### Work item:
Retyped exactly and without pictures, the lines from the one with "Kezban Tekstil Tek" through the end of the listing must form the entire answer.

### Data provided:
------------------------
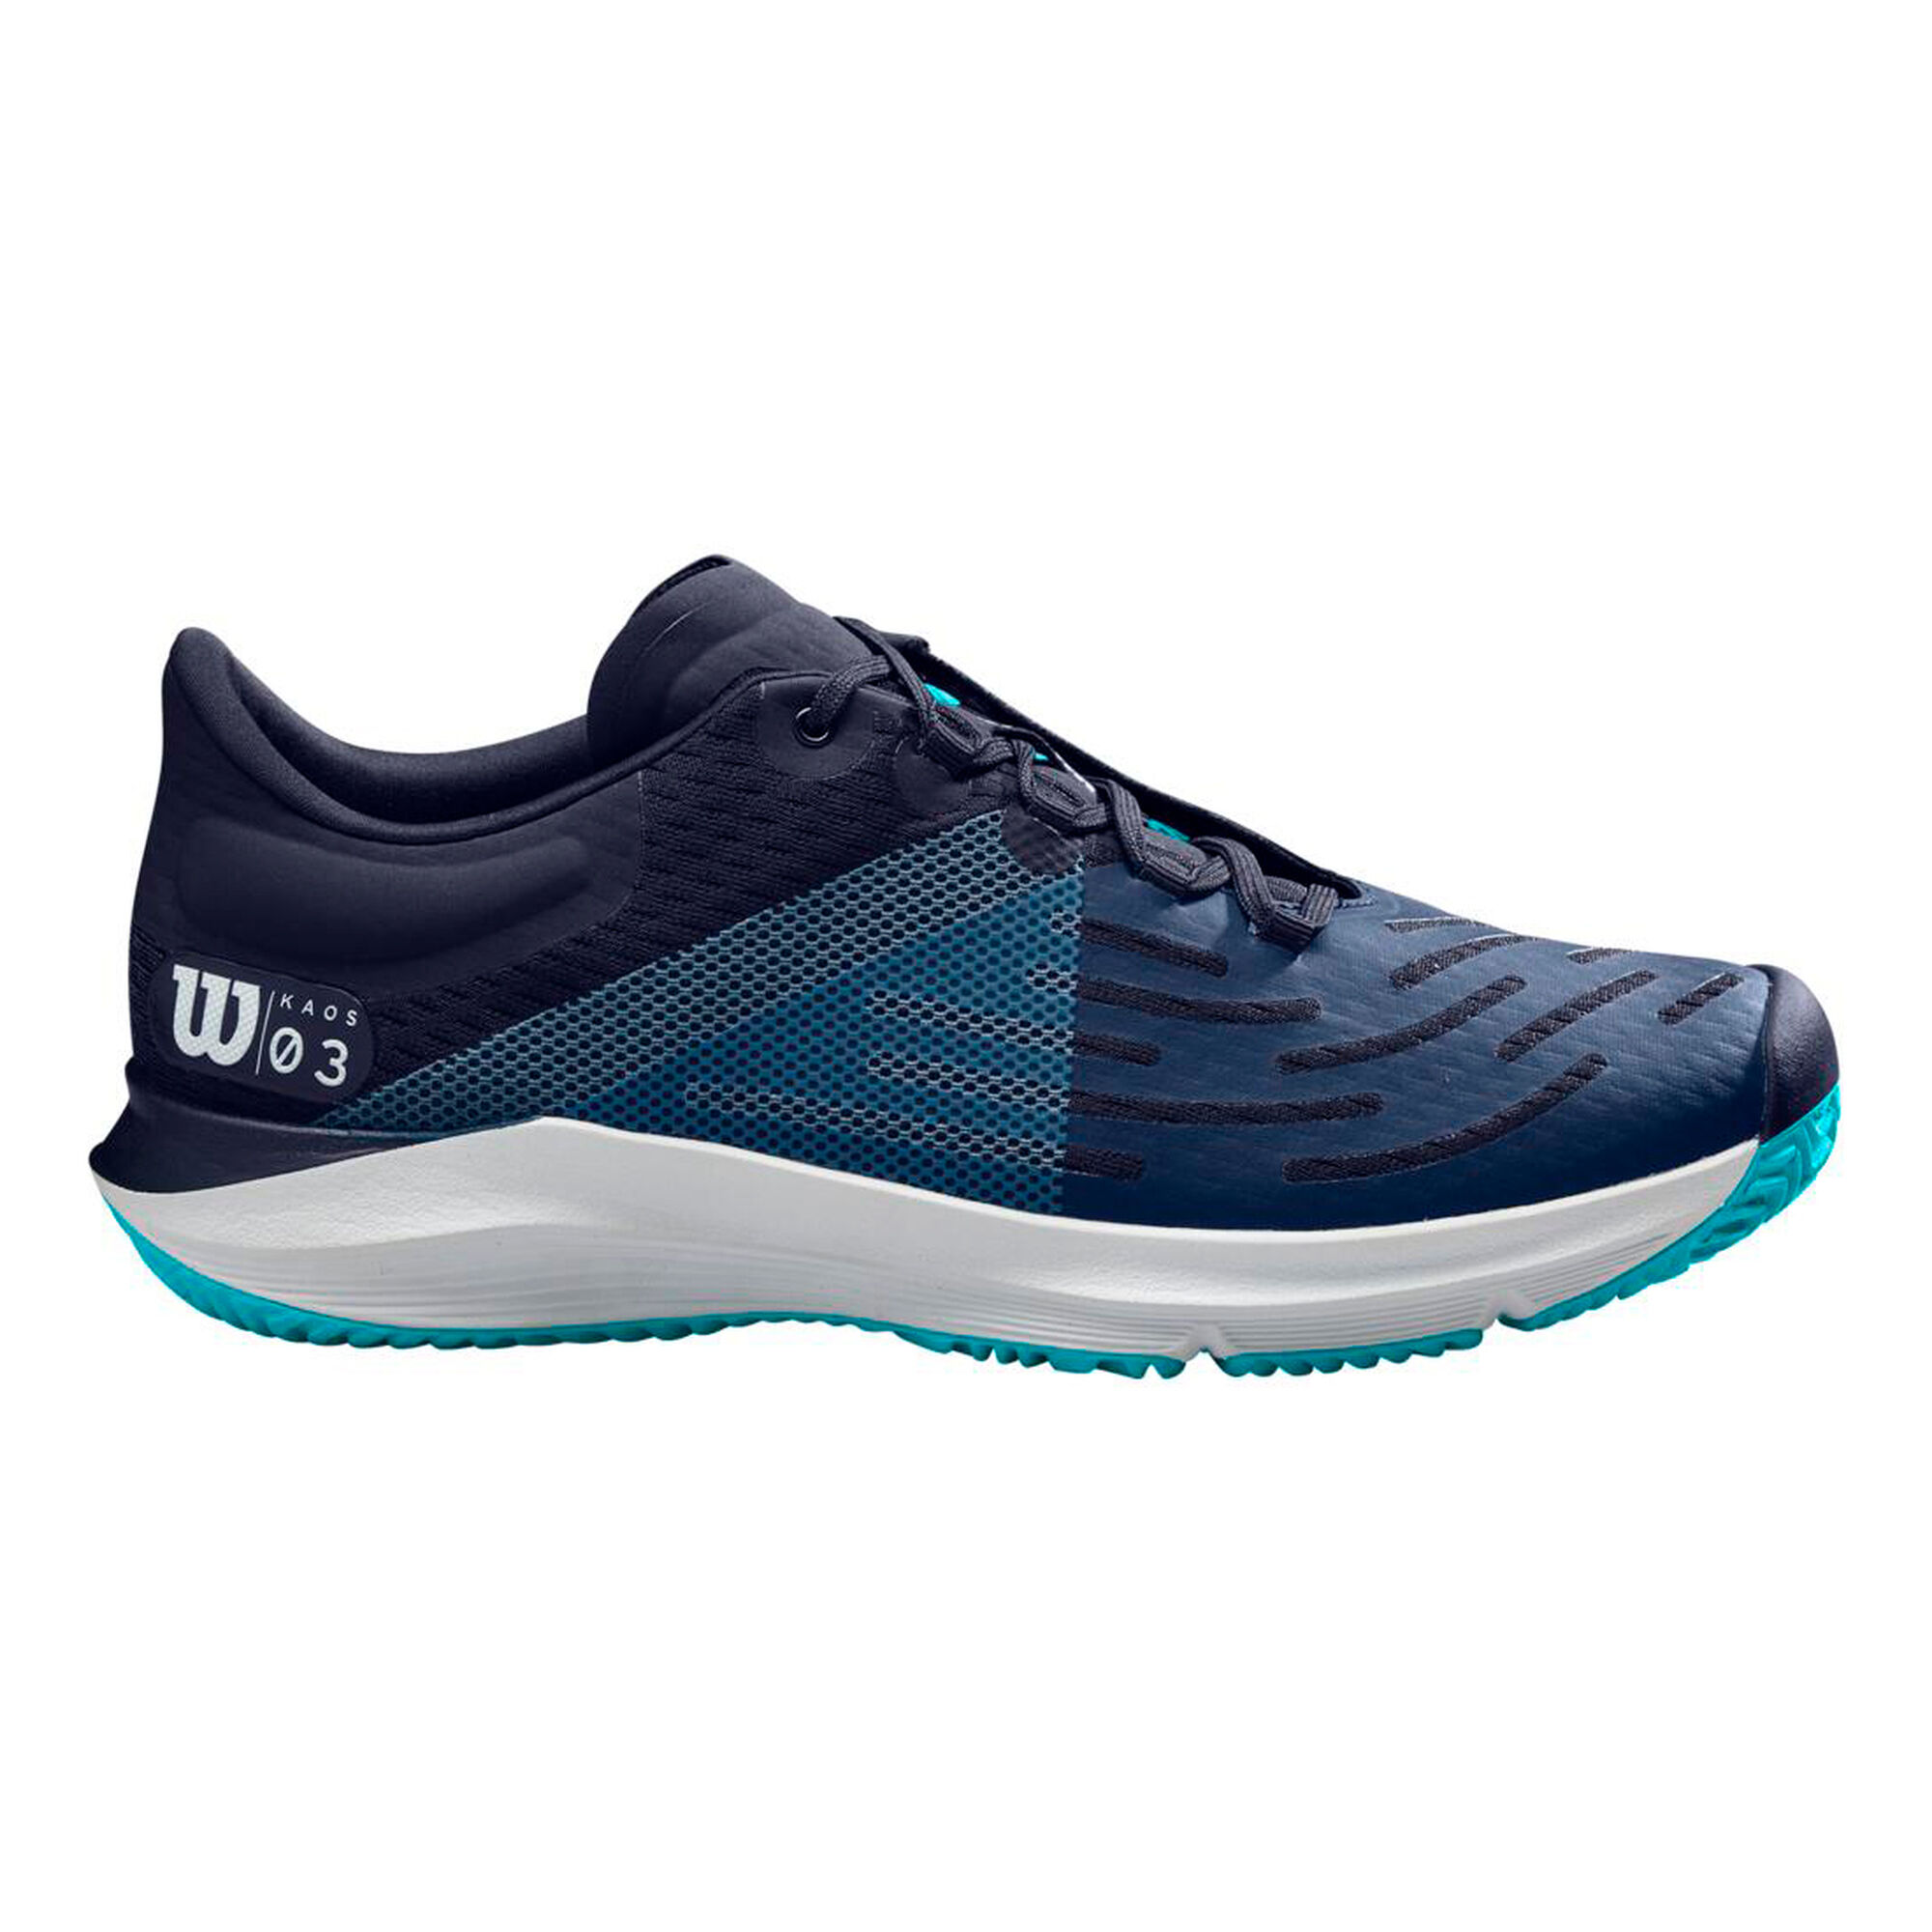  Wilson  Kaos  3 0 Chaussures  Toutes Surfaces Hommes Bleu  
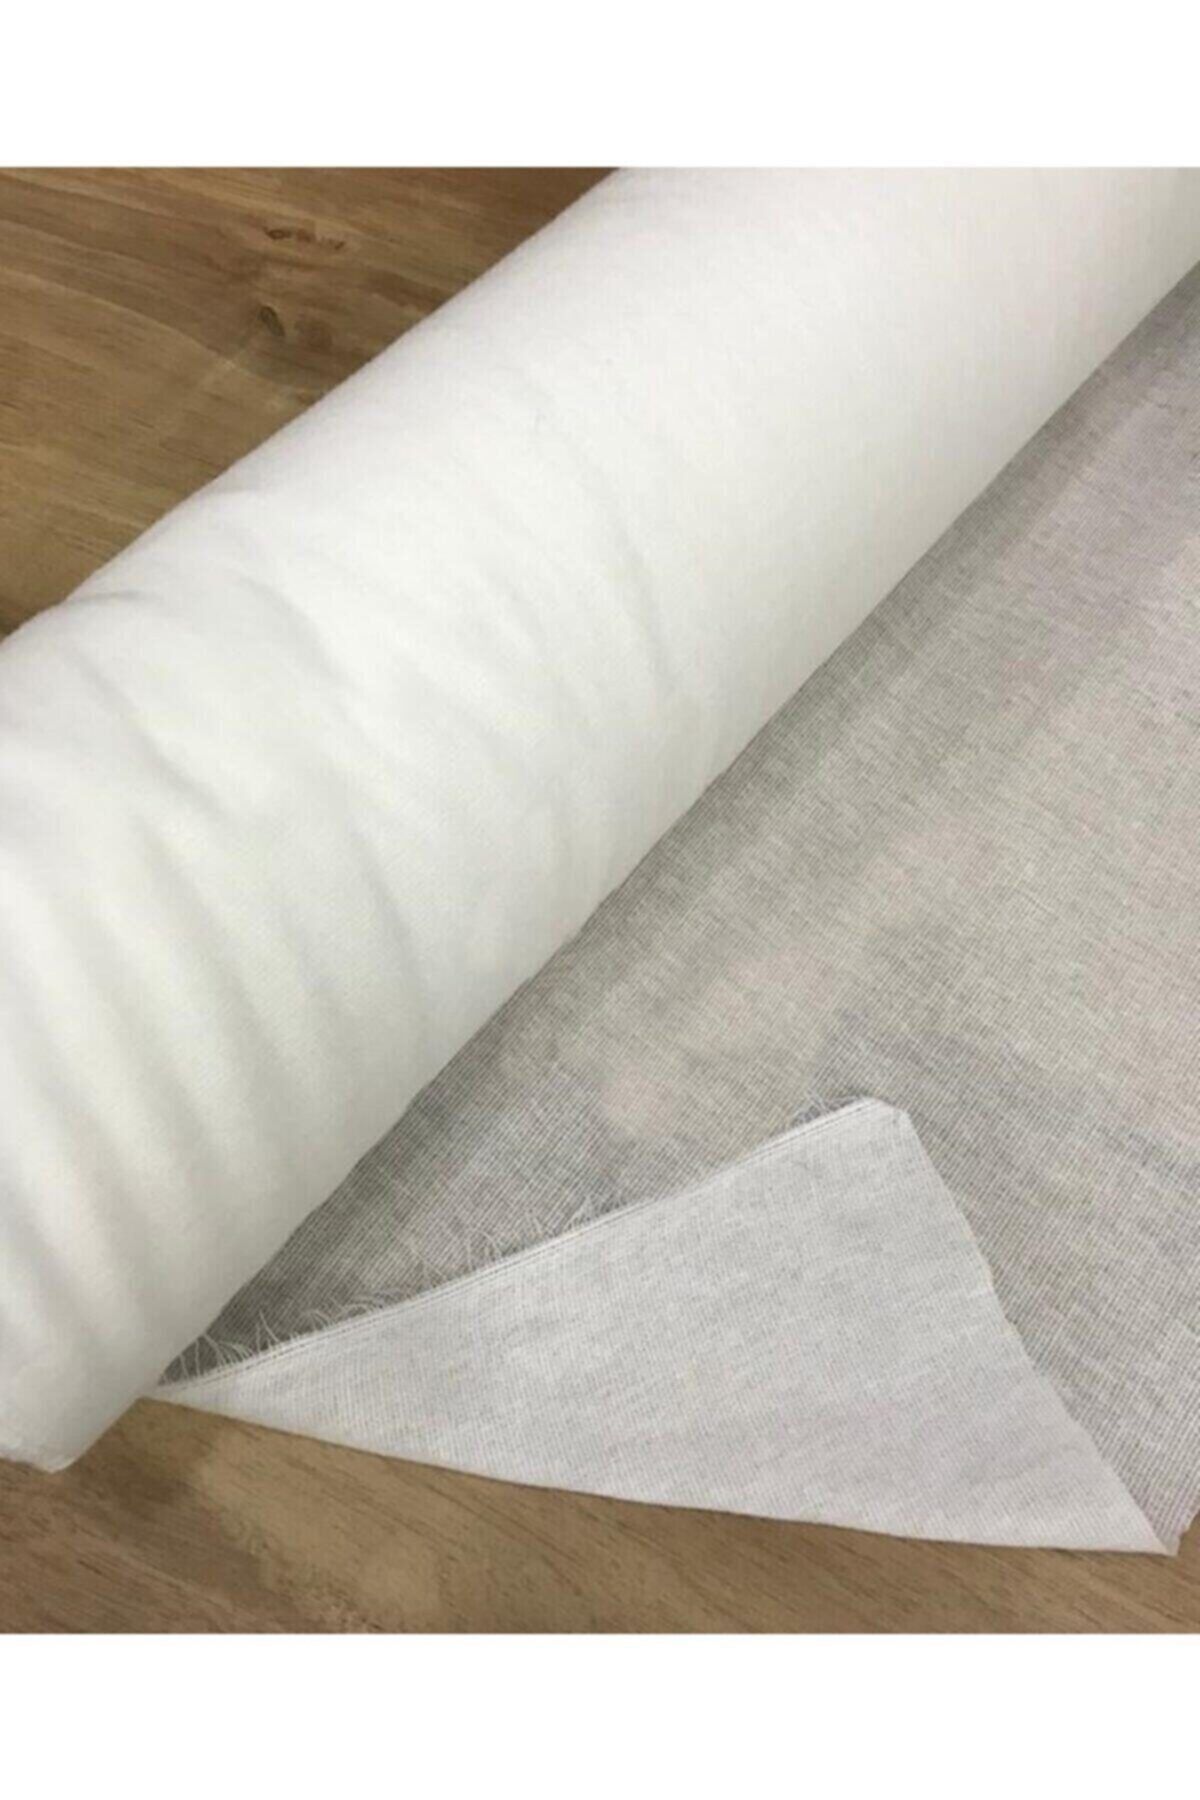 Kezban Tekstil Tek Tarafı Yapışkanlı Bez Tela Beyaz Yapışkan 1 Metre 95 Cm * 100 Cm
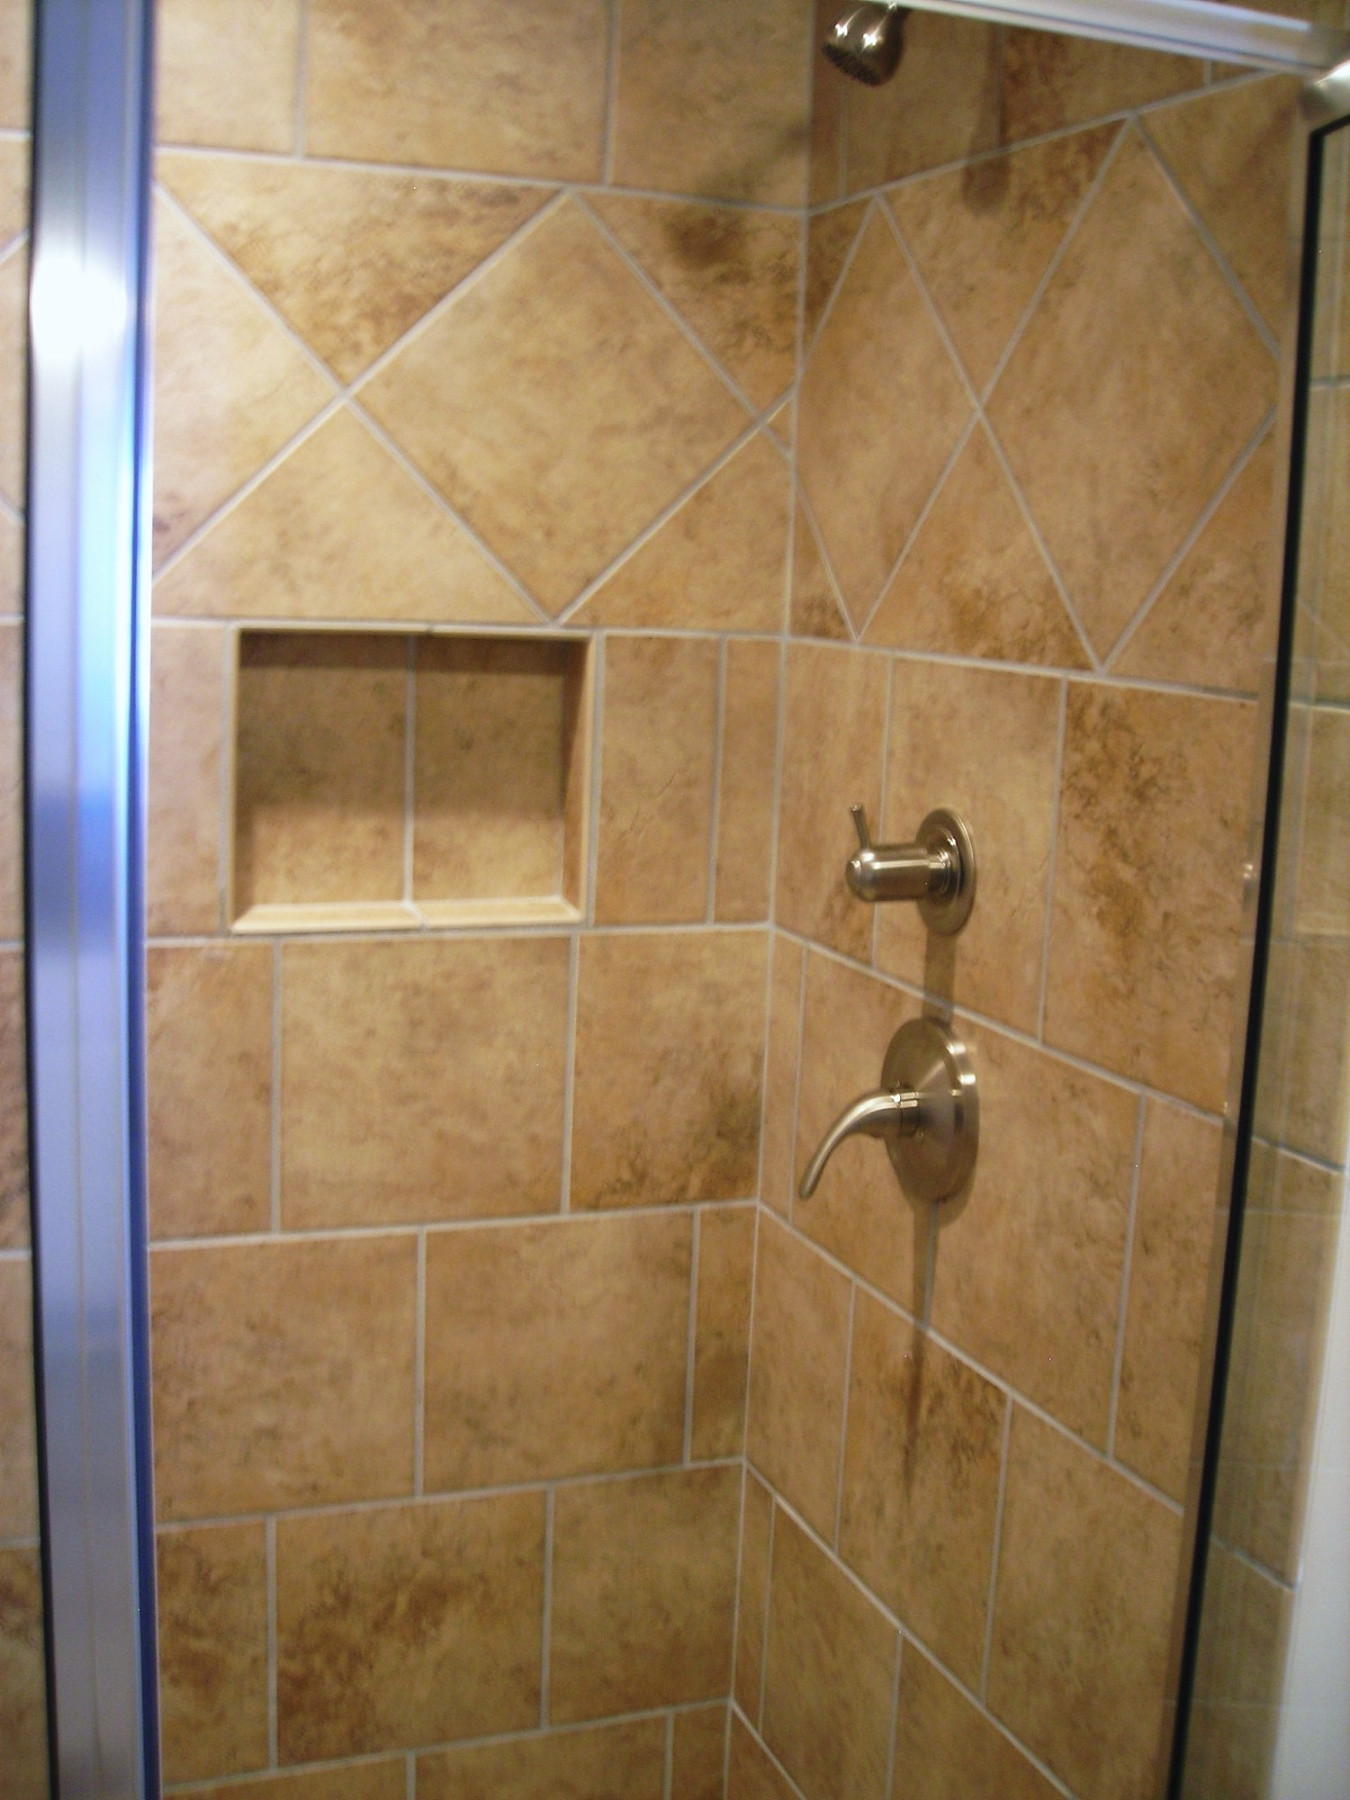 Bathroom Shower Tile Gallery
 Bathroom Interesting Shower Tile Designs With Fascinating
------------------------
### Result below:
 Kezban Tekstil Tek Tarafı Yapışkanlı Bez Tela Beyaz Yapışkan 1 Metre 95 Cm * 100 Cm
 Bathroom Shower Tile Gallery
 Bathroom Interesting Shower Tile Designs With Fascinating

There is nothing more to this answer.